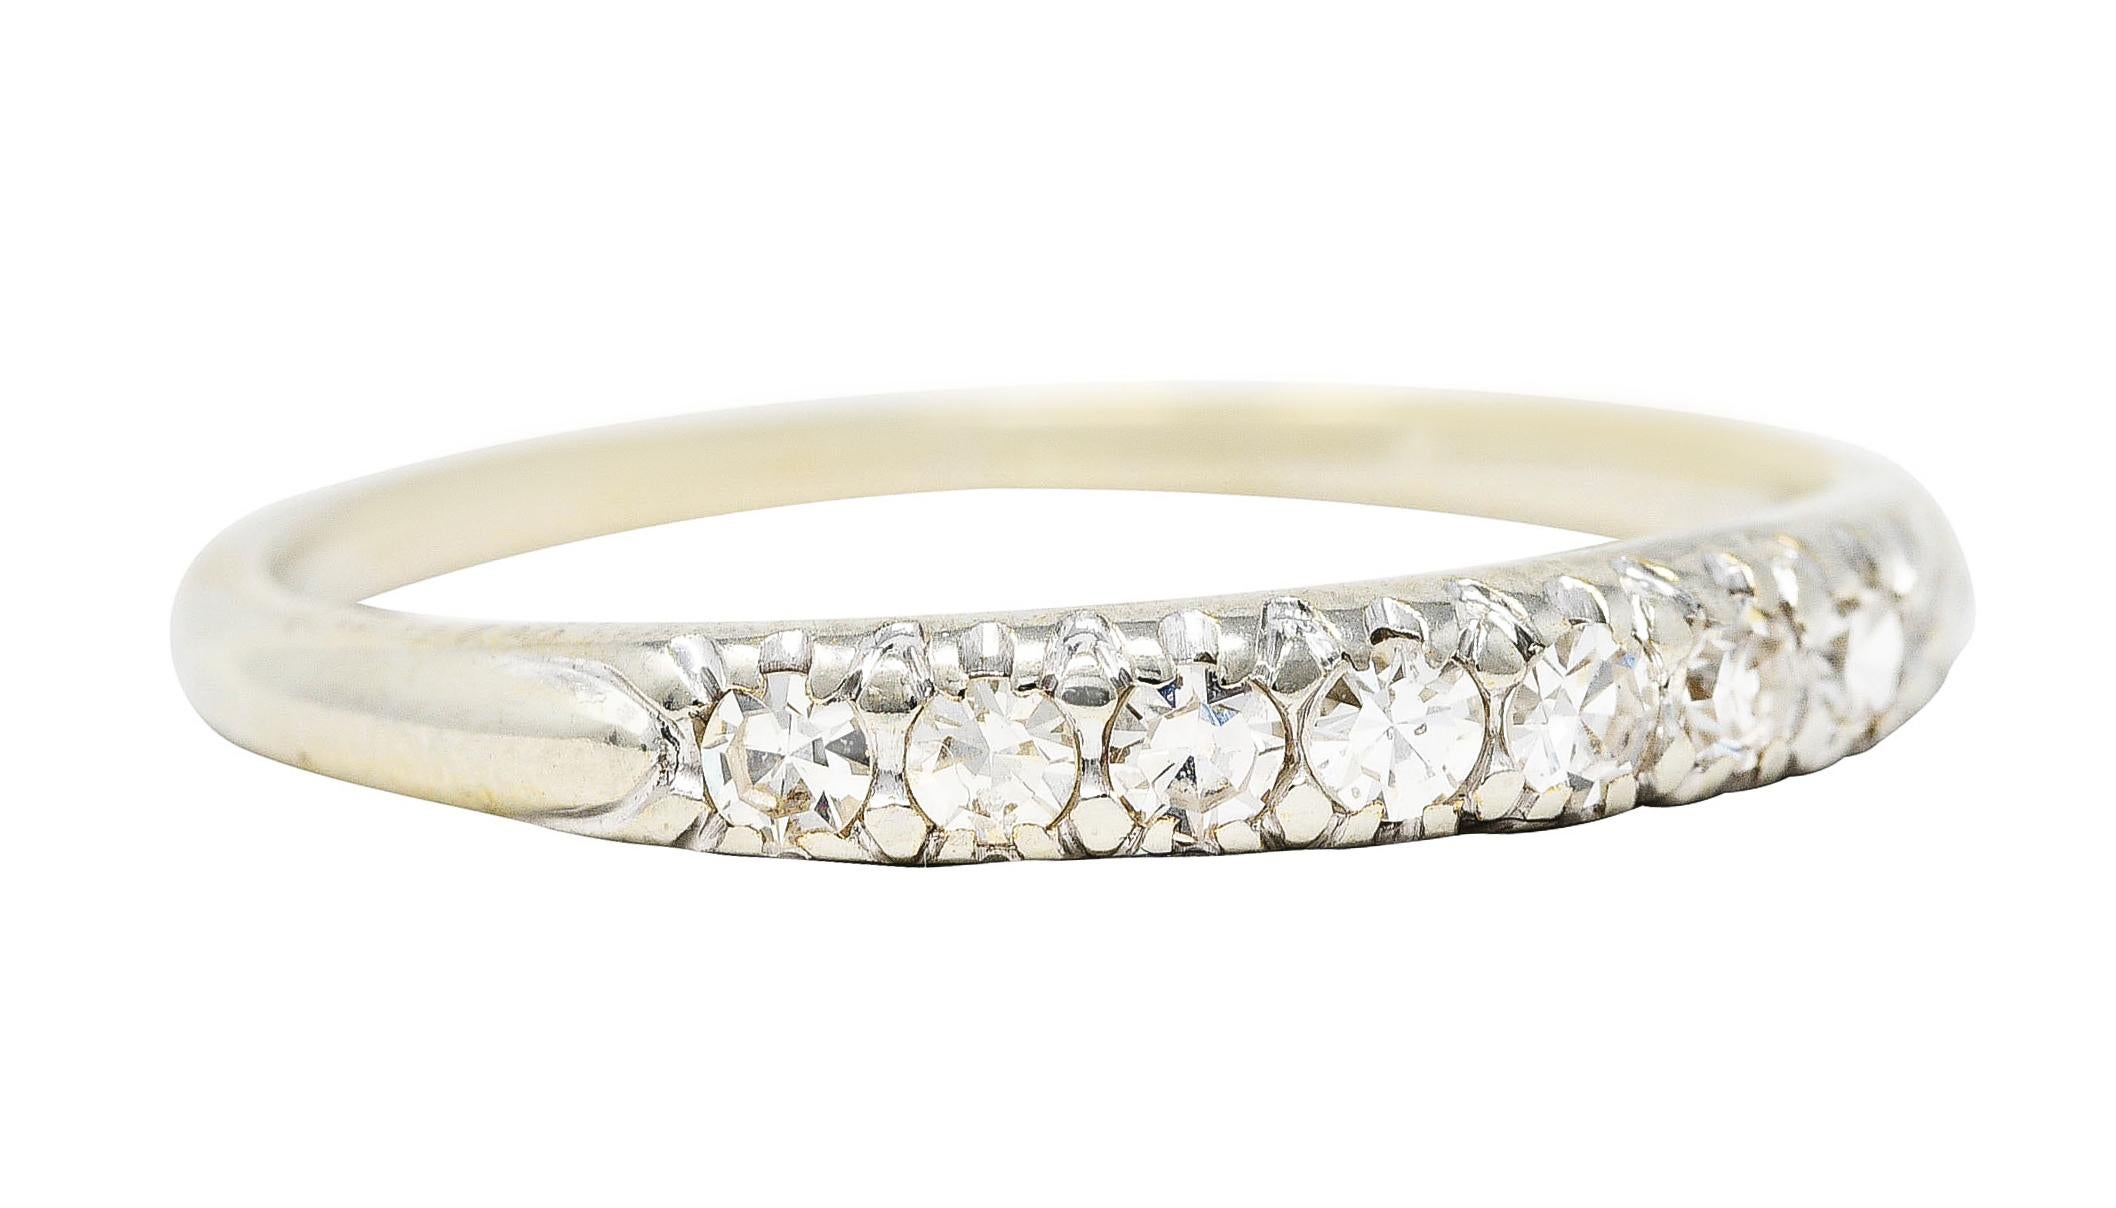 Band ring features a row of front facing single cut diamonds

Highly wrought and set low in band

While weighing in total approximately 0.25 carat - eye clean and bright

Stamped 18K for 18 karat gold

Fully signed Jabel

Circa: 1930s

Ring Size: 5
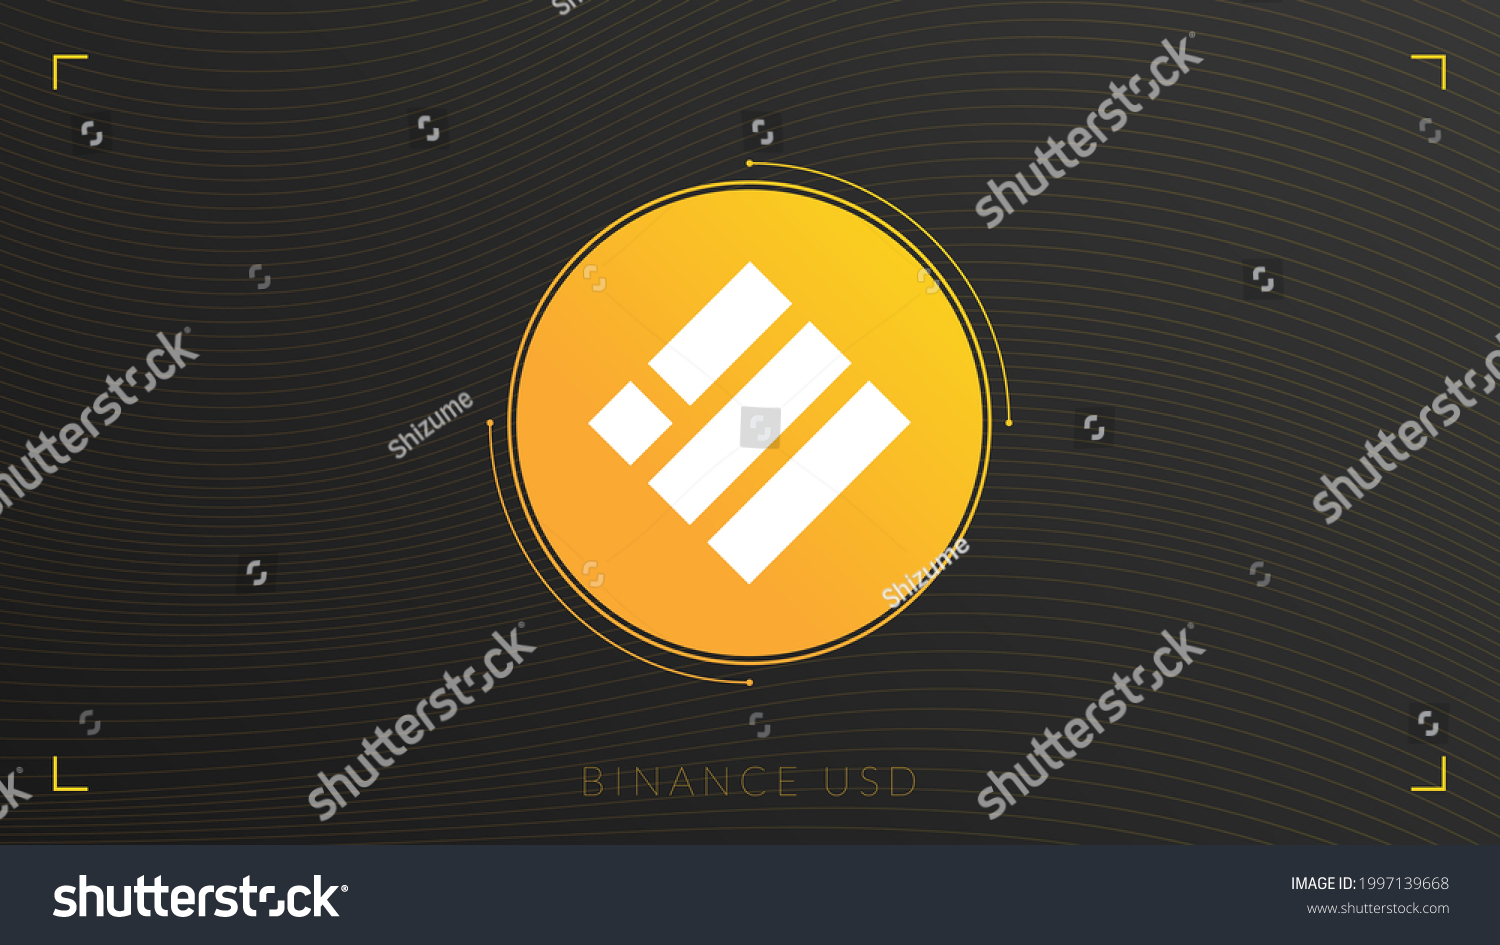 SVG of BUSD cryptocurrency logo on dark background with wavy thin lines. svg
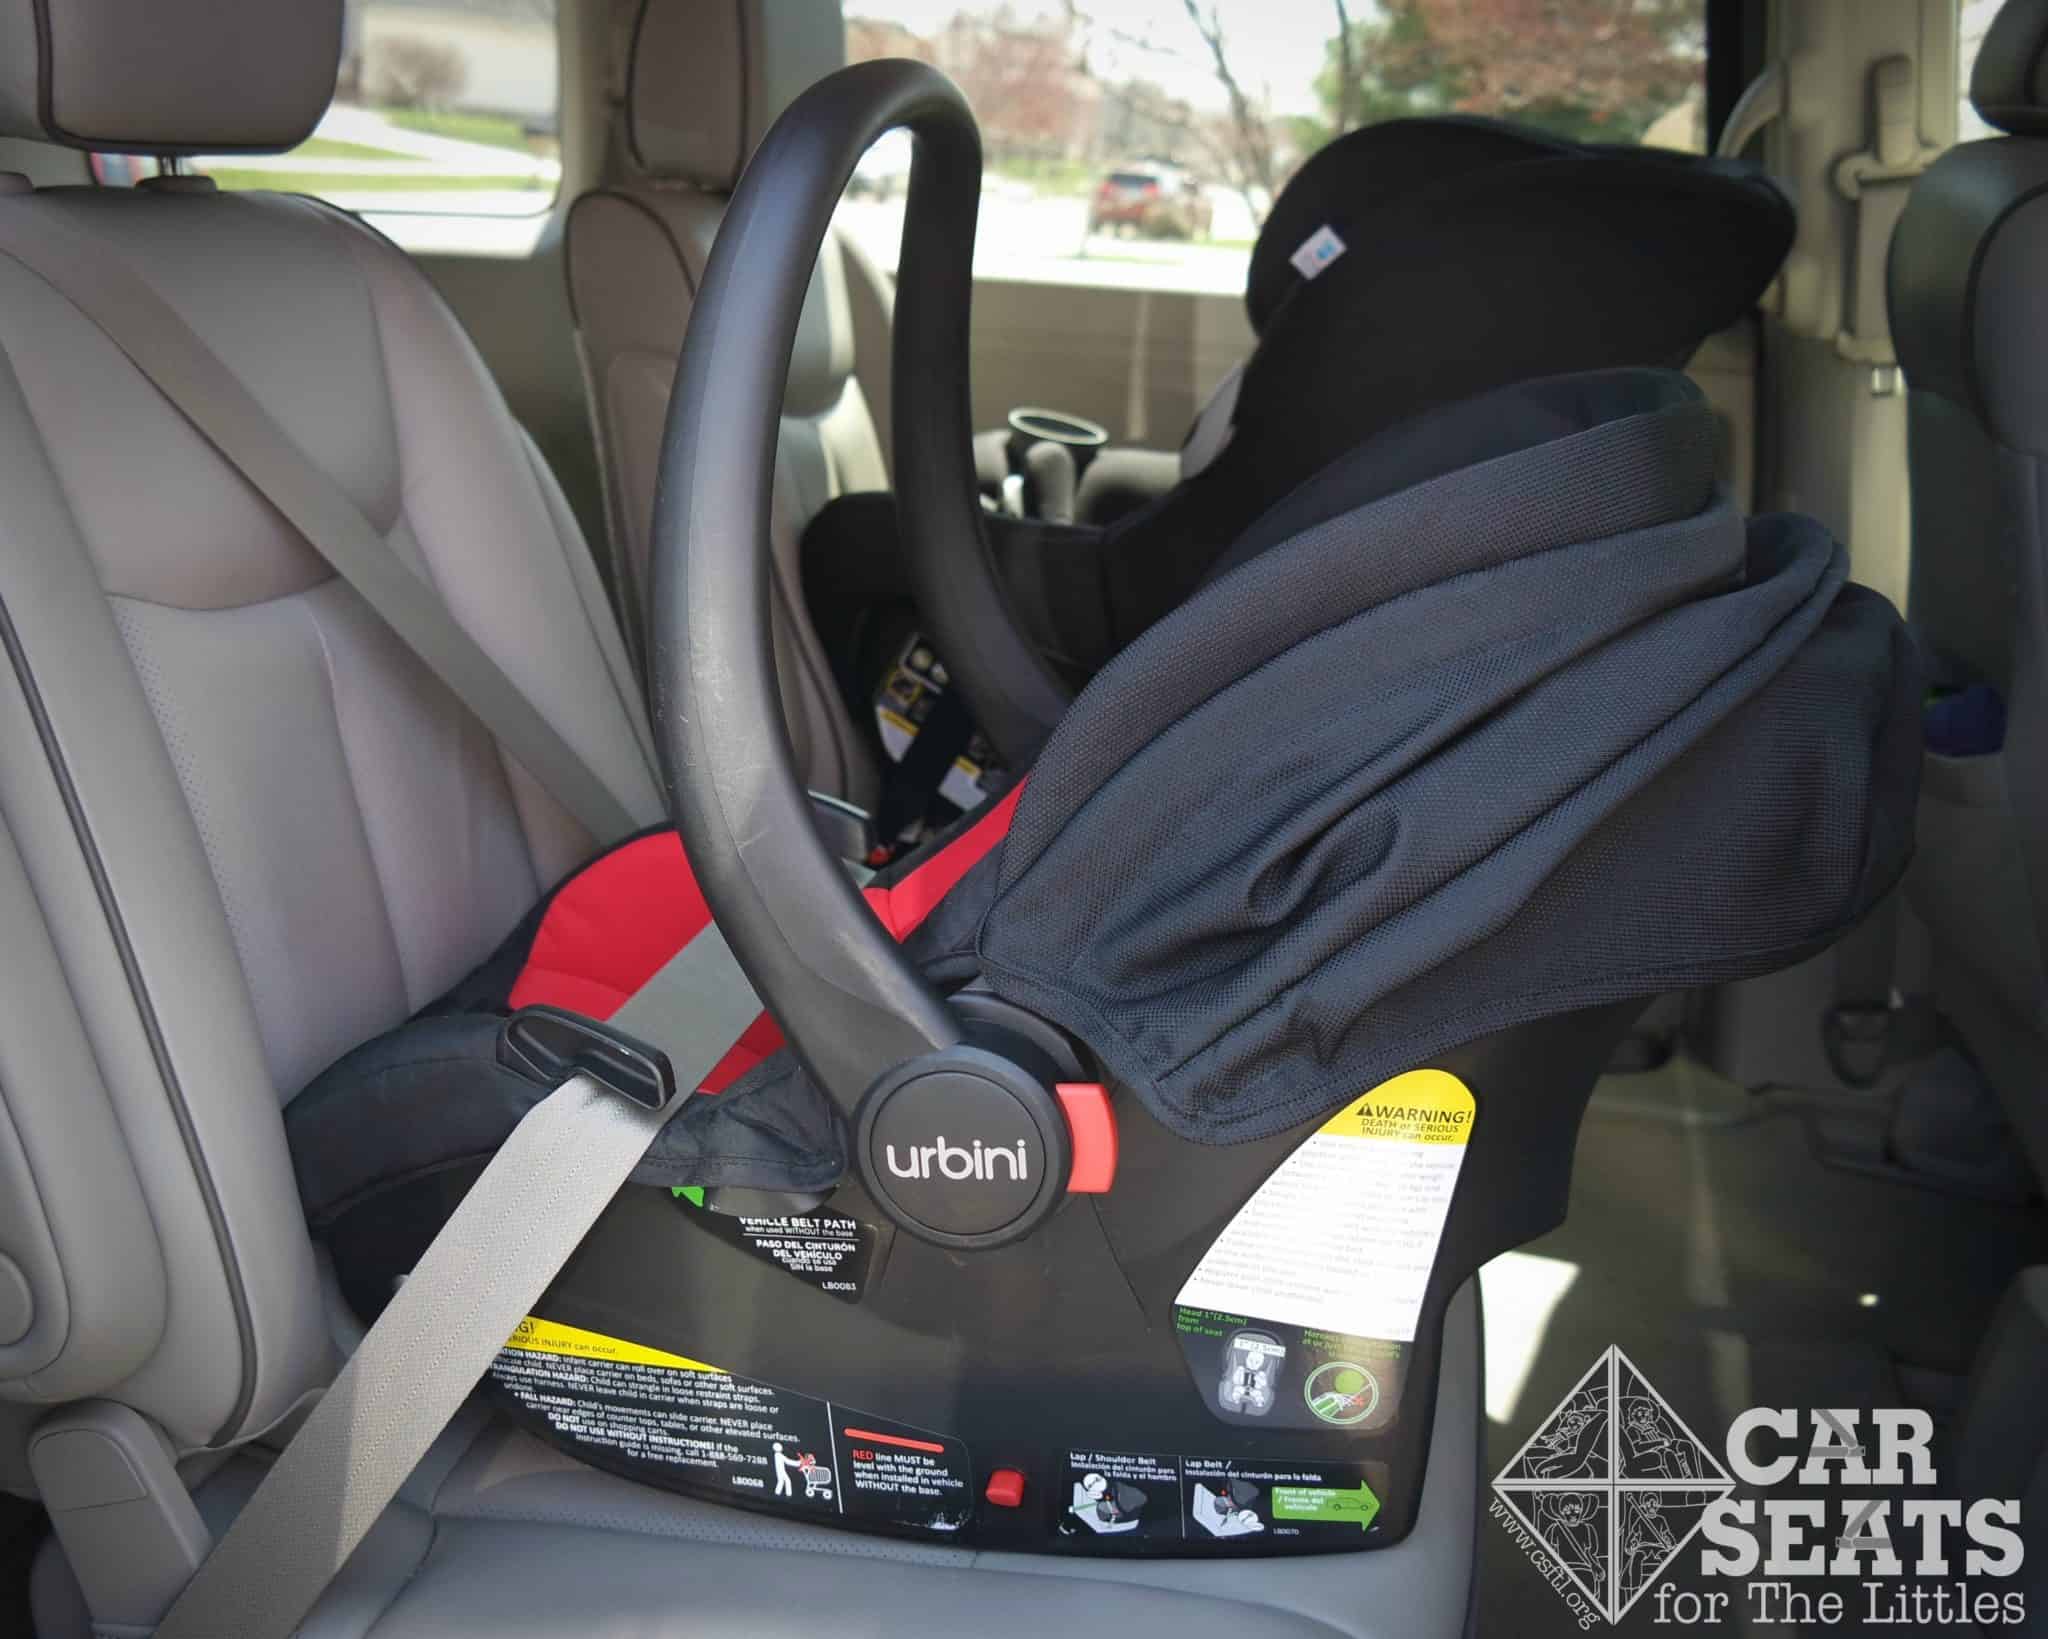 Rear Facing Only Seat Without The Base, How To Install Child Seat With Seatbelt
* * *
__Task item__
Exact copy, no pictures: write out all the records above.

__Your solution__
 Band ring features a row of front facing single cut diamonds

Highly wrought and set low in band

While weighing in total approximately 0.25 carat - eye clean and bright

Stamped 18K for 18 karat gold

Fully signed Jabel

Circa: 1930s

Ring Size: 5
 SVG of BUSD cryptocurrency logo on dark background with wavy thin lines. svg
 Rear Facing Only Seat Without The Base, How To Install Child Seat With Seatbelt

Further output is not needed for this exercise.